We currently support the following versions with security updates:
| Version | Supported |
|---|---|
| 0.1.x | ✅ |
If you discover a security vulnerability in lib3mf_rust, please report it responsibly:
- Do NOT open a public issue for security vulnerabilities
- Instead, use one of these secure methods:
- GitHub Security Advisory: Use the Security Advisory feature
- Email: Contact the maintainers directly at the email address listed in the repository
Please include the following information in your report:
- Description of the vulnerability
- Steps to reproduce the issue
- Potential impact of the vulnerability
- Any suggested fixes (optional)
- Your contact information for follow-up questions
- Initial Response: We aim to acknowledge receipt within 48 hours
- Status Updates: We will provide updates on the investigation within 7 days
- Fix Timeline: Critical vulnerabilities will be addressed as soon as possible, typically within 30 days
- We request that you do not publicly disclose the vulnerability until we have had a chance to address it
- Once a fix is released, we will publicly acknowledge your responsible disclosure (unless you prefer to remain anonymous)

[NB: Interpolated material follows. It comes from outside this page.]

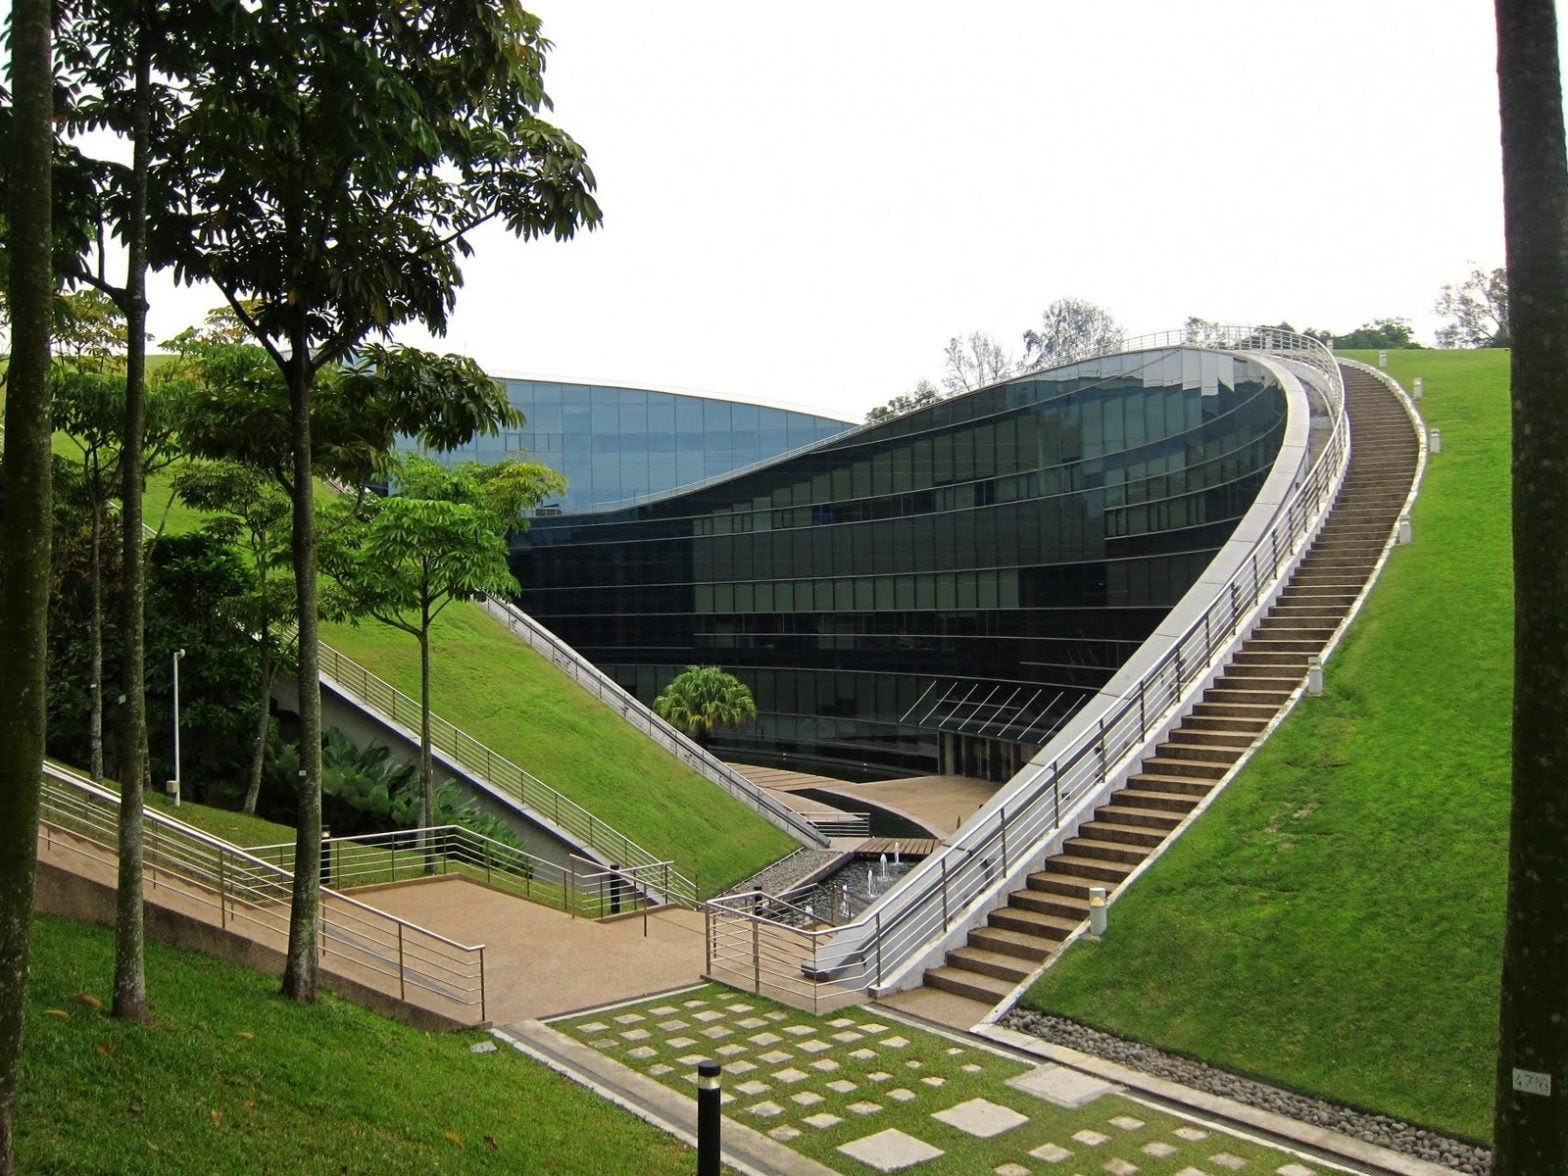 Nan yang Technological university (NTU)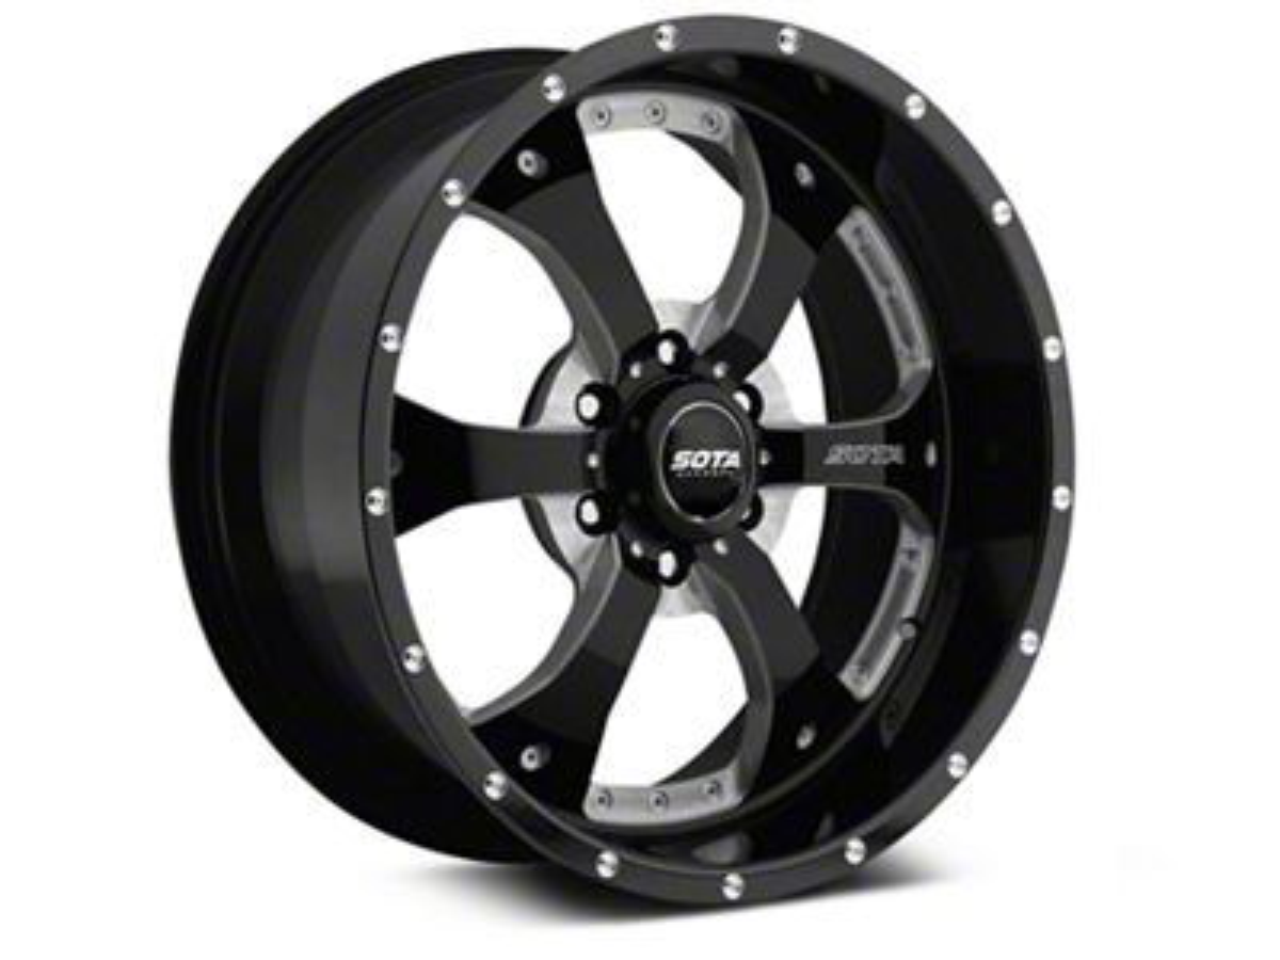 SOTA Off Road NOVAKANE Death Metal 6-Lug Wheel - 22x9.5 (99-18 Silverado 1500)

- We will credit you in the CHANGELOG and release notes
This library is designed with security in mind:
- No unsafe code: The entire codebase uses
#![forbid(unsafe_code)] - Memory safety: All memory management handled by Rust's ownership system
- Type safety: Leverages Rust's type system for correctness
- Input validation: All XML and ZIP data is validated
- Untrusted Input: 3MF files should always be treated as untrusted input
- XML Injection: The parser validates XML structure and rejects malformed data
- ZIP Bombs: Large compressed files are handled, but extremely large files may consume significant memory
- Resource Exhaustion: Very large models may consume substantial memory and CPU
- Test Keys Only: The library includes test decryption keys from the 3MF Consortium test suite
- Production Use: For production applications, use external cryptographic libraries with your own keys
- Never Use Test Keys: The embedded test keys are for conformance testing only and must not be used in production
Known Advisory: RUSTSEC-2023-0071 (RSA timing sidechannel)
- Status: No stable fix available (only RC versions)
- Severity: Medium (5.9 CVSS)
- Impact: Potential key recovery through timing sidechannels in RSA operations
- Mitigation: The RSA dependency is only used for test-only decryption with test keys from the 3MF Consortium test suite. Production applications should implement their own secure decryption using external cryptographic libraries and never use the embedded test keys.
- Tracking: We are monitoring the
rsacrate for stable releases that address this issue.
When using lib3mf_rust in your application:
- Validate Input: Always validate 3MF files from untrusted sources
- Resource Limits: Consider imposing limits on file size and complexity
- Sandboxing: Consider running 3MF parsing in a sandboxed environment for untrusted files
- Error Handling: Always handle parsing errors gracefully
- Update Regularly: Keep the library updated to receive security fixes
The library performs comprehensive validation:
- XML structure validation
- Numeric range checking (triangle indices, vertex references)
- Resource ID validation and circular reference detection
- Color format validation
- UUID format validation
- File path validation within ZIP containers
We maintain vigilant dependency management:
- Regular dependency updates
- Security advisory monitoring
- Minimal dependency footprint
- Well-maintained, trusted dependencies only
We appreciate the security research community's efforts in responsibly disclosing vulnerabilities. Contributors who report valid security issues will be acknowledged in our release notes (unless they prefer anonymity).